Menjadi seorang full time mother ternyata benar-benar menguji keimananku. Tidak hanya menghadapi urusan rumah tangga yang tak pernah ada habisnya, juga menghadapi energi anak-anak yang entah kapan habisnya. Nggak low bat - low bat!
Yang paling membuat kepala ini pusing adalah mainan yang berantakan di mana-mana. Sebenarnya apa pantas sih disebut berantakan? Kesannya, mainan anak-anak adalah momok yang menyebalkan buat seorang ibu (juga Ayah ya). Padahal bermain adalah hak seorang anak.
Ketika si anak mengeluarkan buku-buku yang disusun rapi oleh ibunya atau ayahnya, berarti dia berminat untuk melihat isi buku itu. Ya, kan?
Atau ketika si anak sibuk menarik-narik tutup kotak lego, lalu mengeluarkan isinya, membuat aneka bentuk yang menurutnya menarik, setelah itu diletakkan di mana pun di suka, itu pun pertanda anak kita cenderung aktif-kreatif kan ya?

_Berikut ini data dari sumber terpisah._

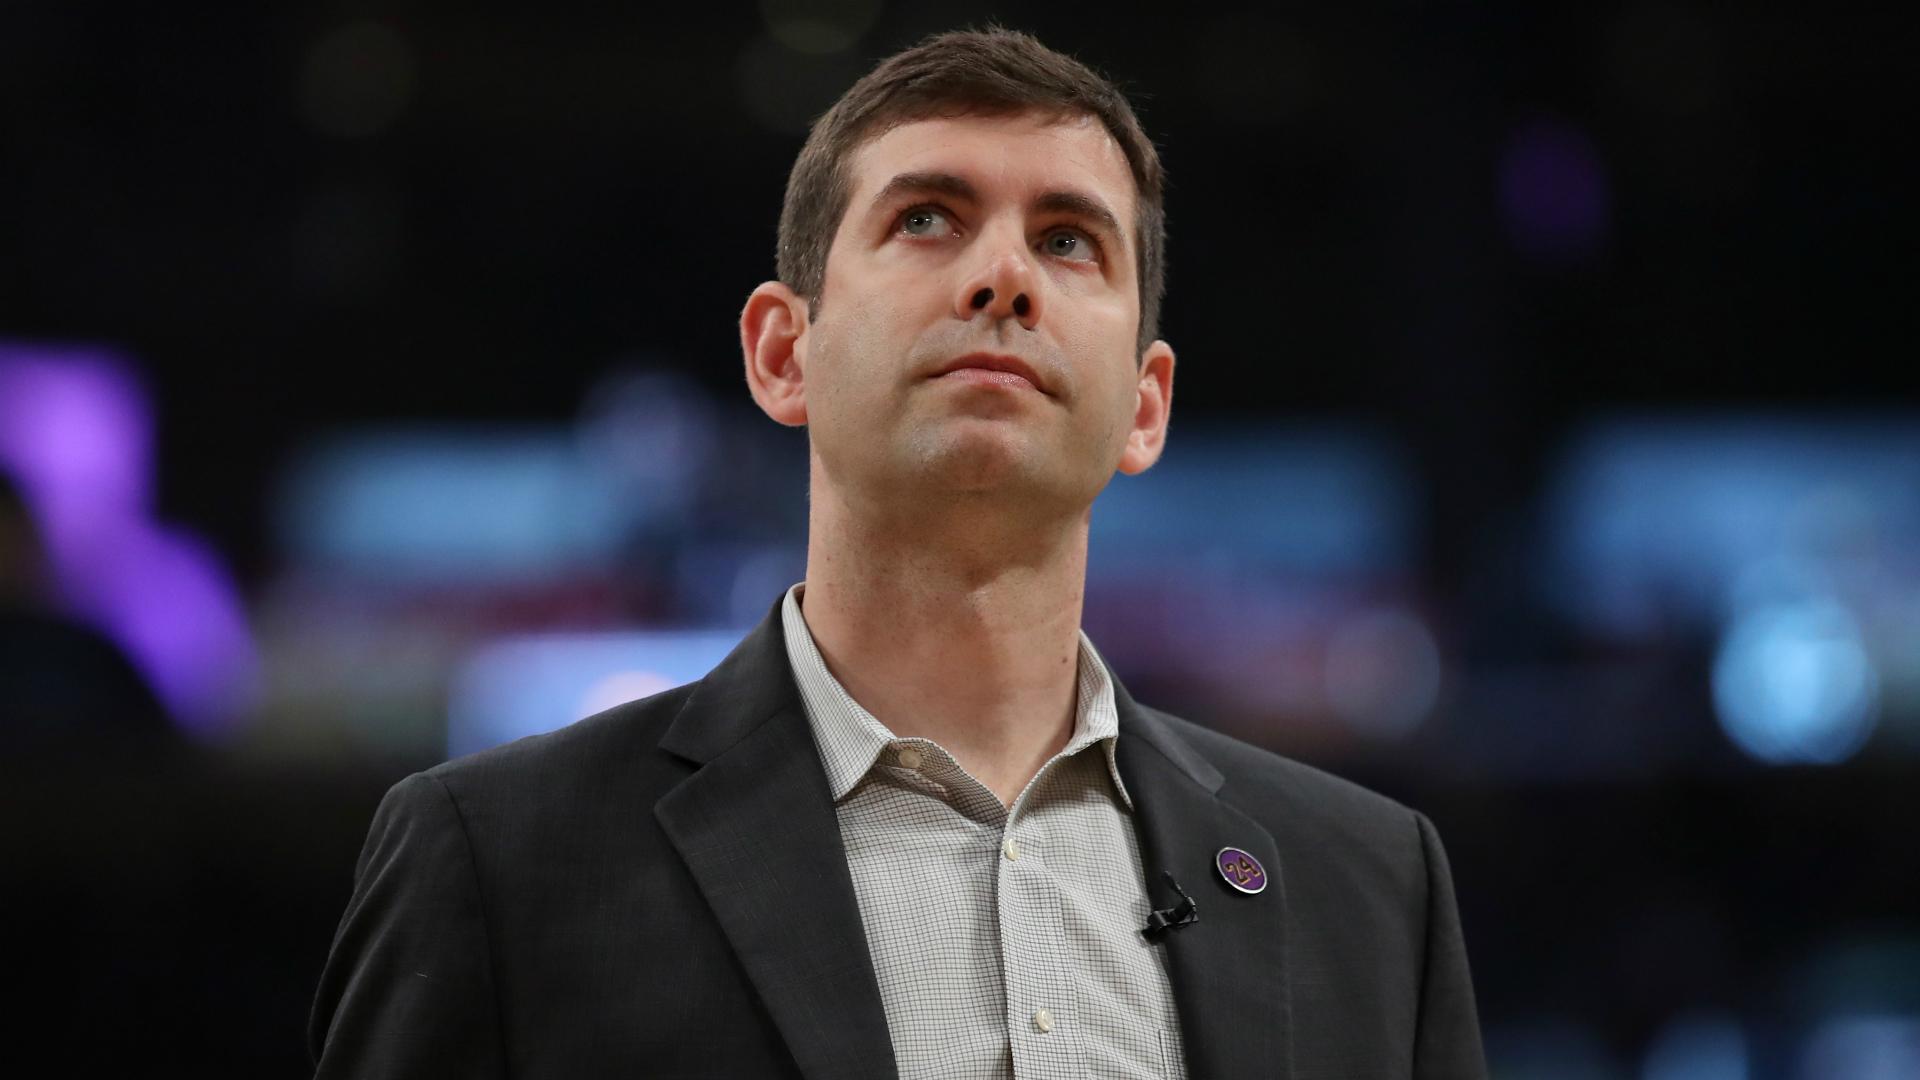 Celtics coach Stevens backing Boston to defy odds and reach NBA Finals

Lalu, bagaimana sih agar rumah tidak terus menerus dalam kondisi berantakan? Bikin pusiiiing.
Melatih anak untuk meletakkan kembali mainannya sudah kulakukan. Tapi tidak selalu mulus, sesuai dengan keinginan seorang ibu. Lihat saja, nggak pagi, nggak siang, nggak malam, nggak perlu nunggu sejam, di sana sini pasti nemu mainan.
Padahal kotak penyimpan mainan sudah diletakkan di tempat yang mudah dijangkau. Agar mudah dikembalikan ke tempatnya. Tetapi, toh akhirnya tangan ibu juga yang harus membersihkannya.
Pernah suatu kali, aku minta kepada kedua anak balitaku agar mengembalikan buku-buku yang berserakan di atas kasur. Badanku yang penat, lelah, makin lieur (pusing) ketika melihat kasur yang empuk dipenuhi oleh serakan buku. Ampyuuun deh.
"Alma, Tiara, tolong bereskan buku-buku ini."
"Duh tanganku pegel, Bu," sahut si sulung, Alma.
"Tanganku pegel, Bu," tiru si tengah, Tiara.